> _EXERCISE DESCRIPTION_
Within the entries that follow, show each line where the word "Black" occurs.

> _EXERCISE DATA_
══════
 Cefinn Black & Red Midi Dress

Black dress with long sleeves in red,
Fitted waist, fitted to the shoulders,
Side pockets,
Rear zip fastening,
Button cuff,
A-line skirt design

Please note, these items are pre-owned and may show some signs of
══════
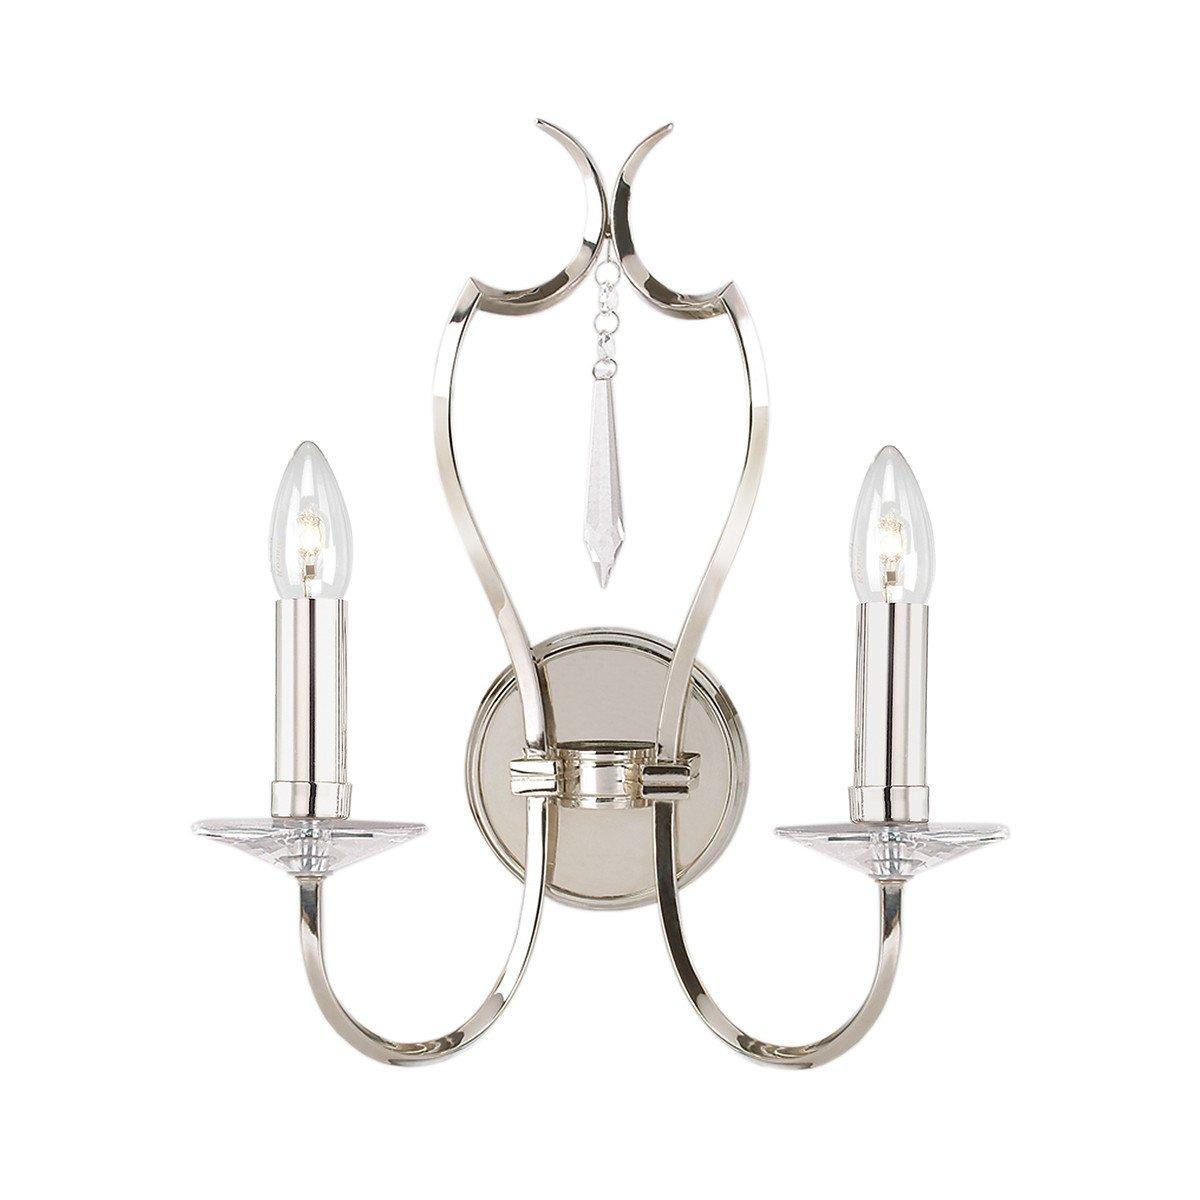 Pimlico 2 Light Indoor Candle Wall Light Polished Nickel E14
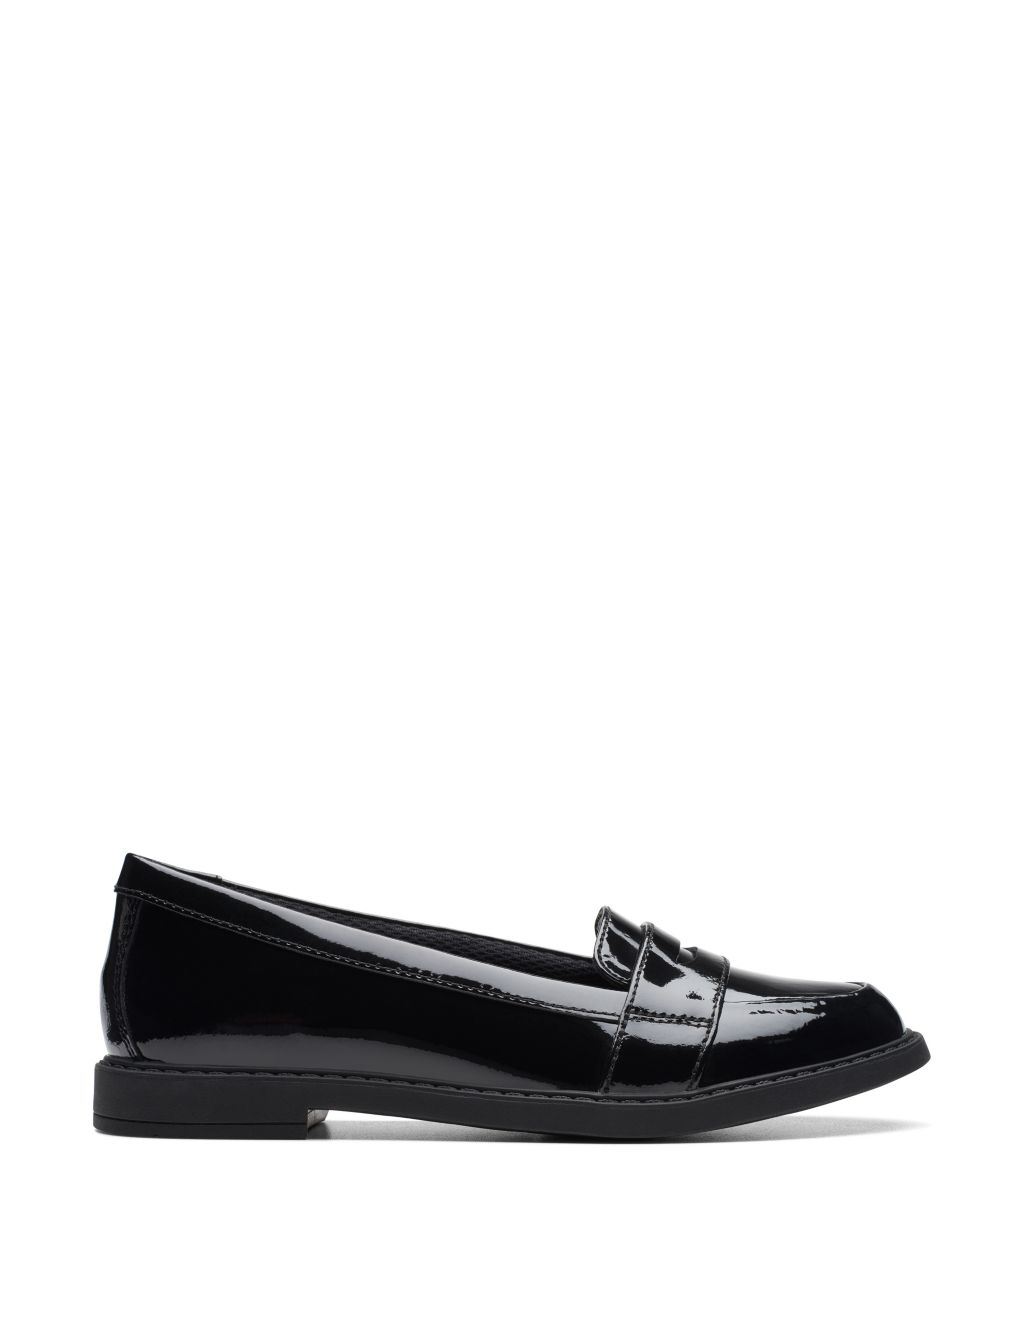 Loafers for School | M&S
══════
> _FINISHED EXERCISE_
 Cefinn Black & Red Midi Dress
Black dress with long sleeves in red,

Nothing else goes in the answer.